Black Lives Matter protests force countries to confront colonial past

The Winston Churchill statue in Parliament Square is defaced for a second day on June 7.

The Winston Churchill statue in Parliament Square is defaced for a second day on June 7. Photo: Isabel Infantes/AFP via Getty Images

U.K. Prime Minister Boris Johnson and French President Emmanuel Macron both pushed back on Sunday against calls from Black Lives Matter protesters to remove colonial-era statues — with Johnson insisting you can't "photoshop" history.

Why it matters: Weeks of anti-racism protests triggered by Black Lives Matter demonstrations in the U.S. and across the world have brought to the fore the racist legacy of the colonial past of several countries.

Driving the news: Colonial-era memorials have been toppled, defaced or removed in response to rallies in countries including the U.K., Belgium, Australia and New Zealand in recent days.

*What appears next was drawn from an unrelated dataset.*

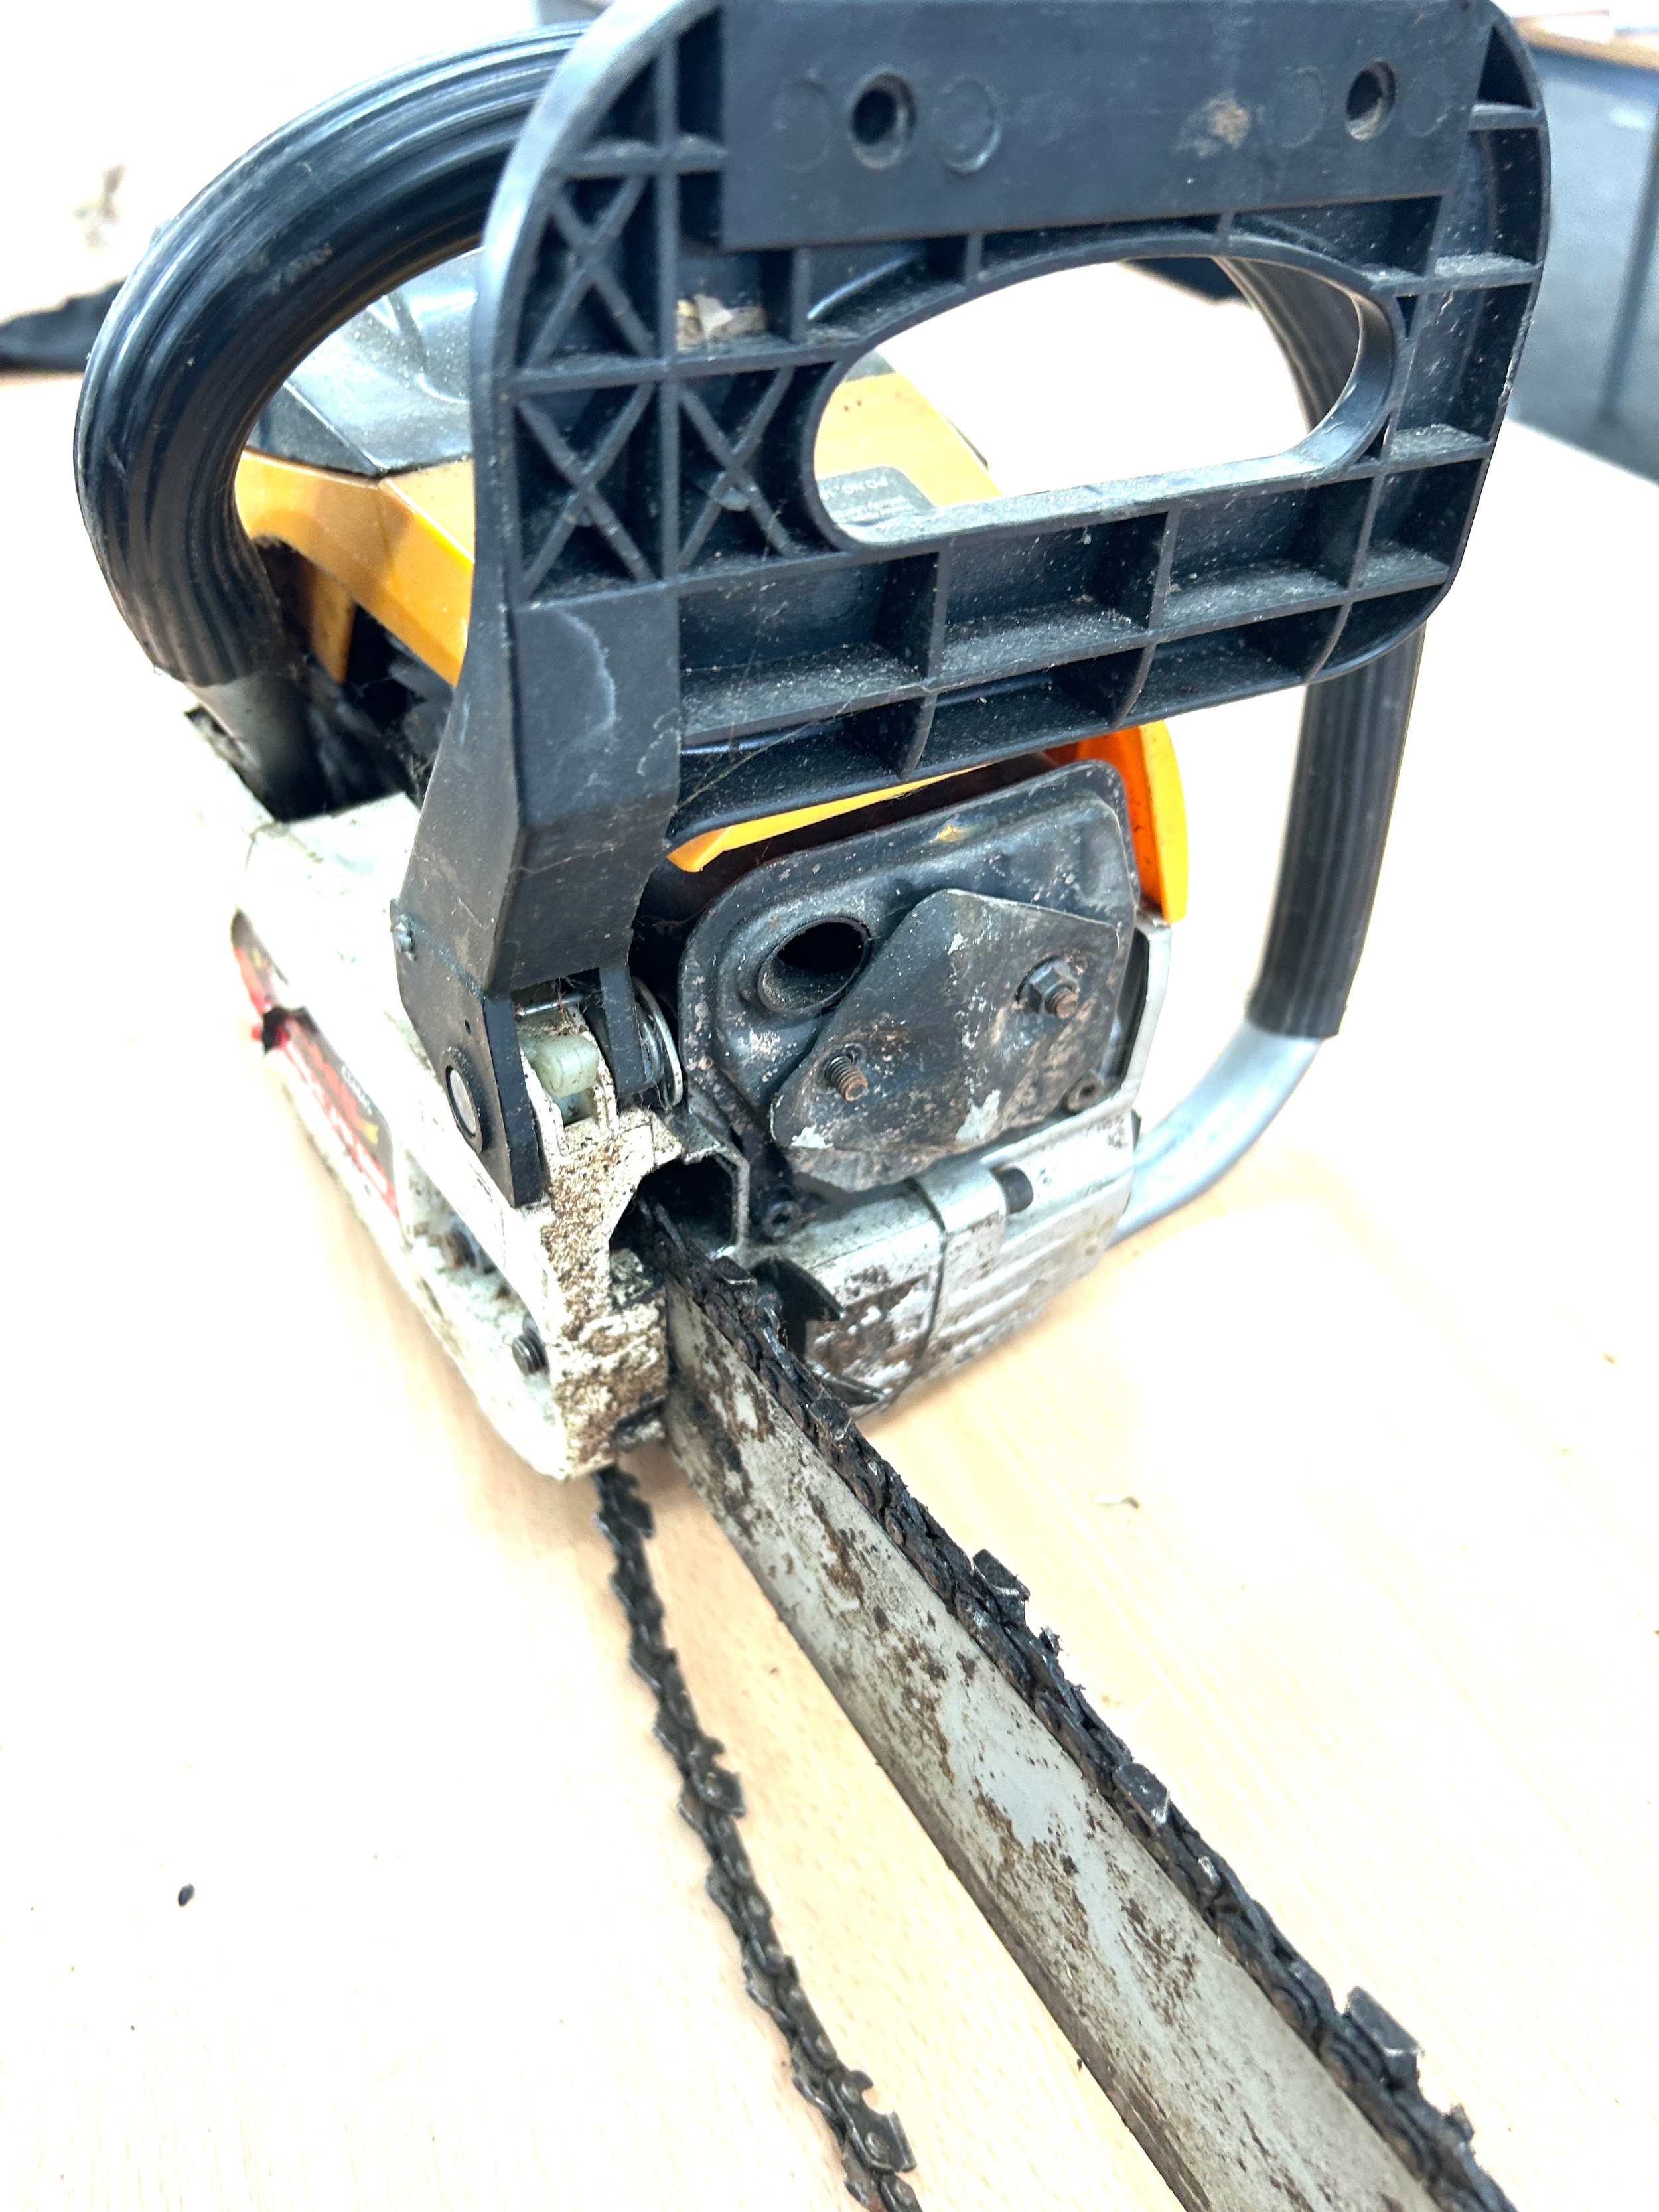 Nilsen CT4845 chain saw - untested - Image 4 of 4

  • Calls are growing to remove more tributes to historical figures, with Black Lives Matter protesters in France calling on authorities to remove honors for those involved in the slave trade or who were linked to injustices in the country's former African colonies.
  • Local authorities in the U.K. have announced plans to review all statues, street names and other monuments. But several leaders have pushed back on the moves.

Of note: Authorities erected fences to protect from becoming a target a statue in London of the late British Prime Minister Winston Churchill, who led the U.K. to victory in World War II.

  • Churchill supported eugenics, described "British imperialism as being for the good of the 'primitive' and 'subject races' and opposed Indians' bid for independence, calling Indians "beastly people with a beastly religion," the Independent notes.
  • But Johnson defended Churchill in an article for the Telegraph, calling the defacing of Churchill's statue twice "absurd and deplorable."
  • "He was a hero, and I expect I am not alone in saying that I will resist with every breath in my body any attempt to remove that statue from Parliament Square," Johnson wrote.

What else they're saying: Johnson, who announced Sunday a commission to examine racial inequality, wrote in his Telegraph column, "If we start purging the record and removing the images of all but those whose attitudes conform to our own, we are engaged in a great lie, a distortion of our history."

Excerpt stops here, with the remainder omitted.